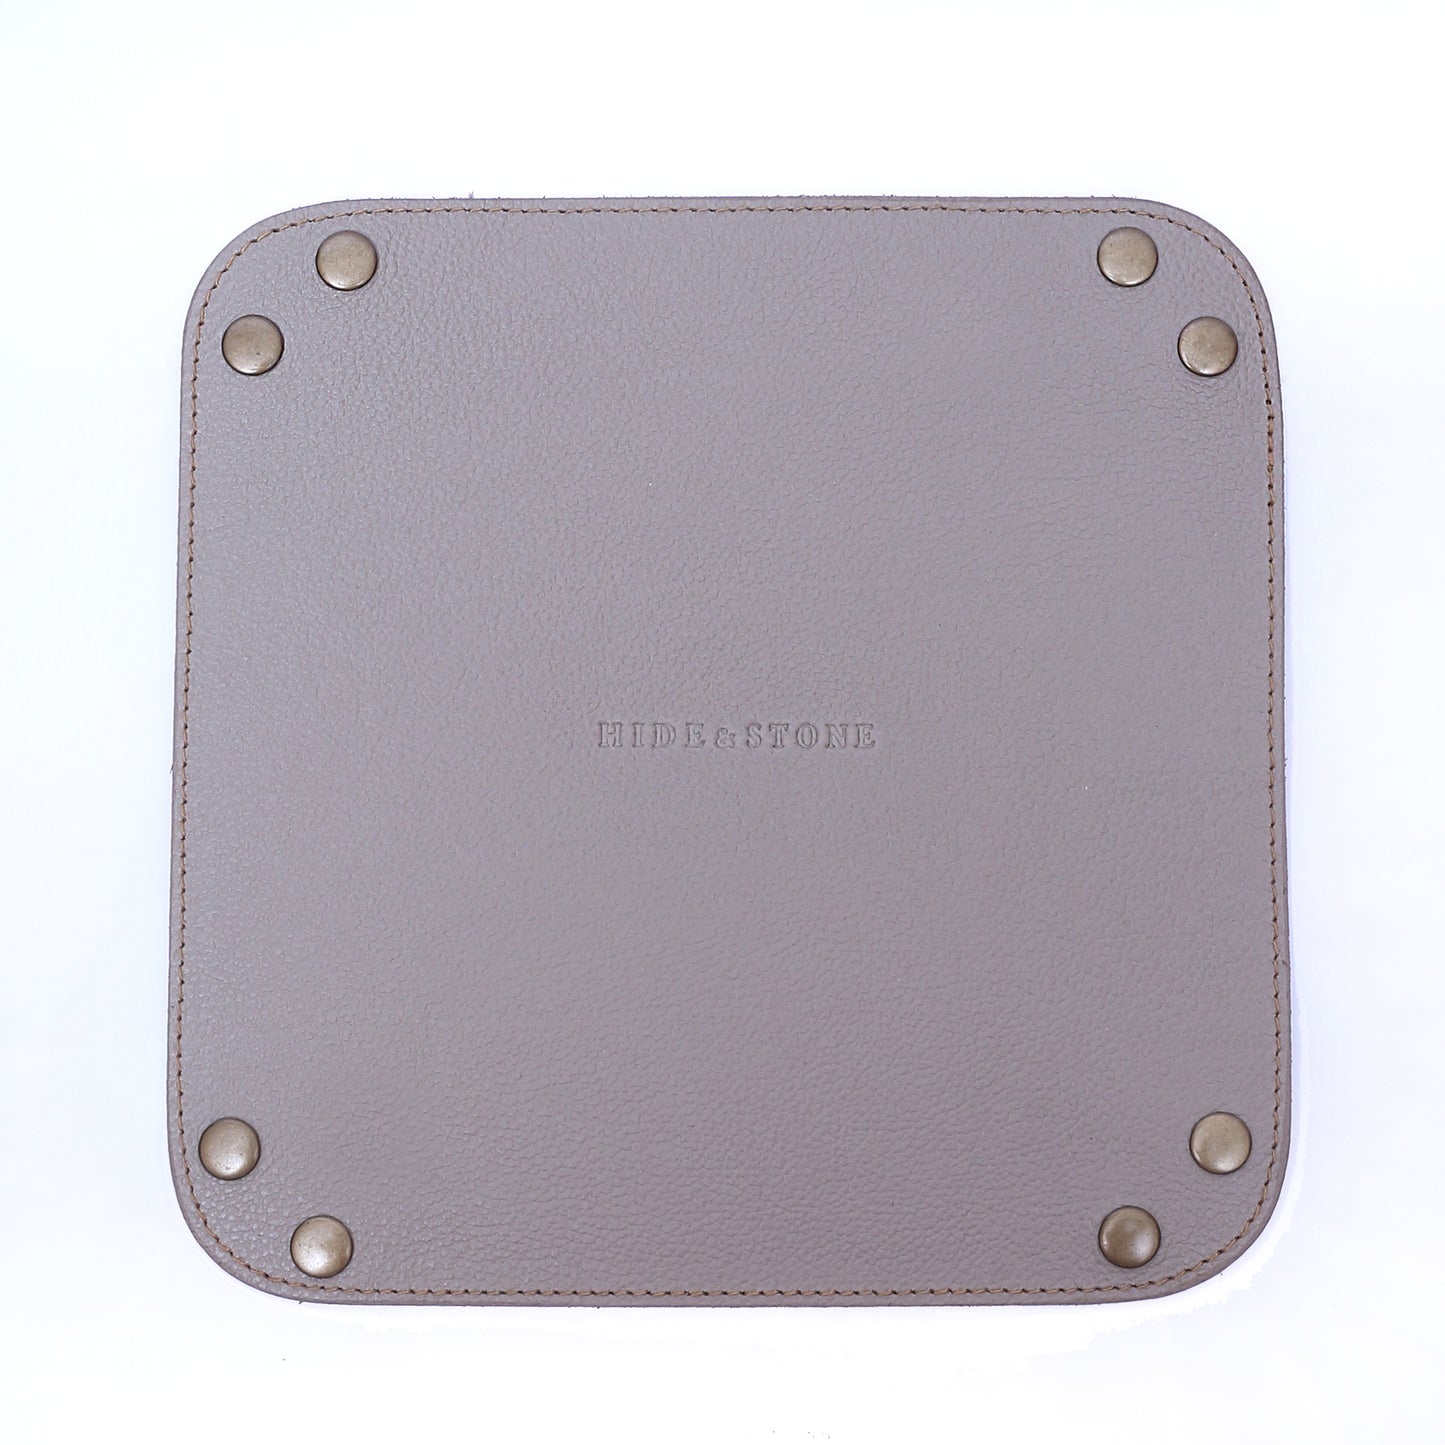 Leather Key & Watch Tray (Grey/Beige)
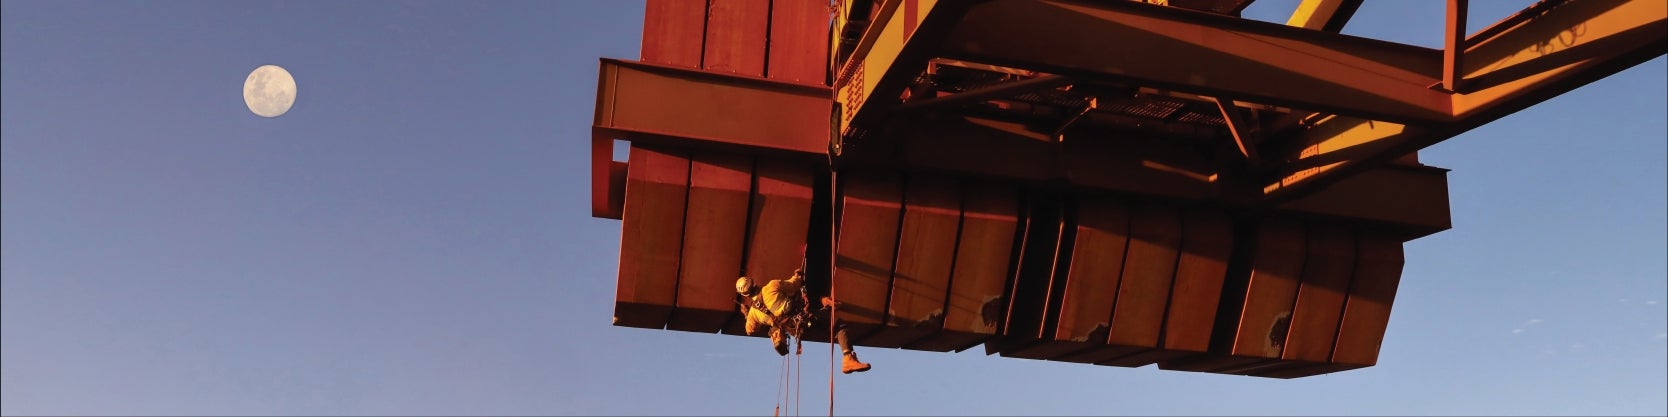 Texcan  -亚博电竞官网网址 行业（查看全部）横幅图片：人类攀登攀岩大型起重机的人在工业环境中
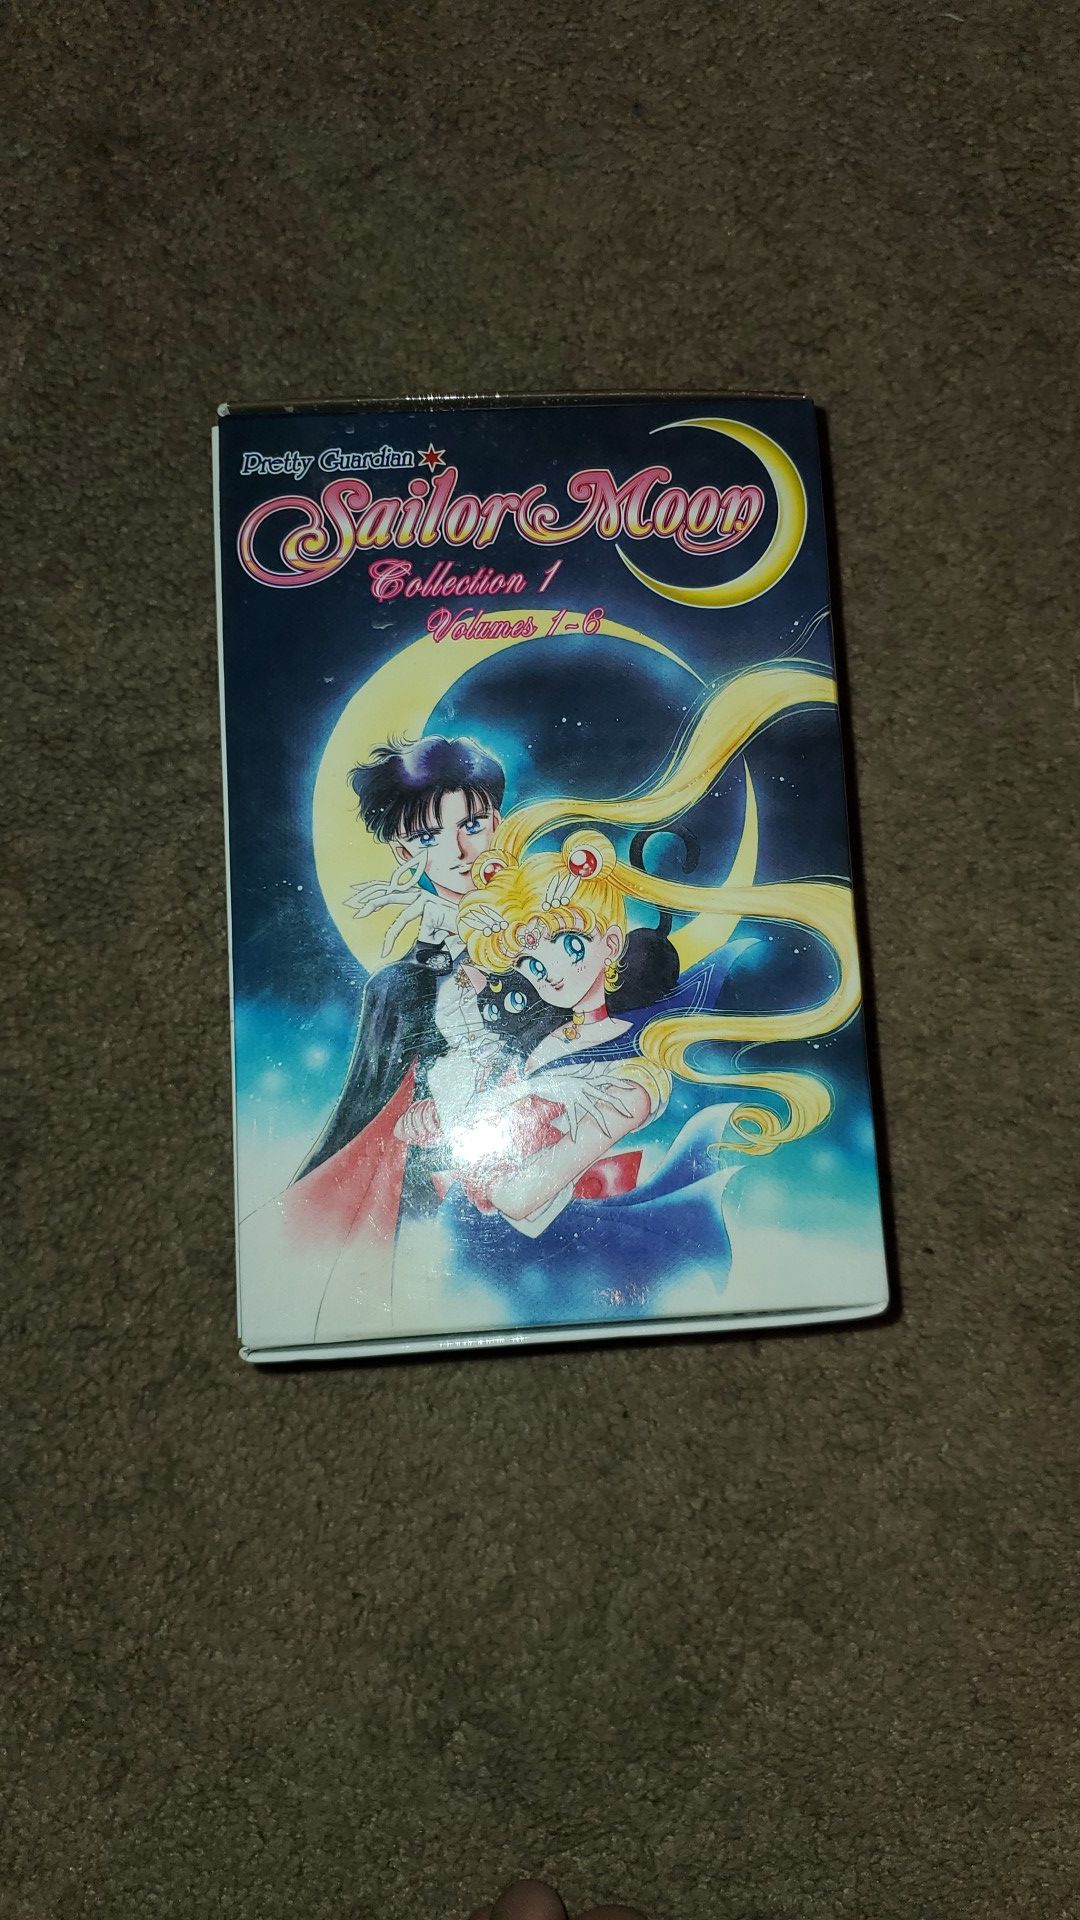 Sailor Moon Collection 1 (1-6) box set

# Problem statement:
What is wanted is the listing, written out exactly, with each picture removed.

# Expected answer:
 Leather Key & Watch Tray (Grey/Beige)
 Texcan  -亚博电竞官网网址 行业（查看全部）横幅图片：人类攀登攀岩大型起重机的人在工业环境中
 Sailor Moon Collection 1 (1-6) box set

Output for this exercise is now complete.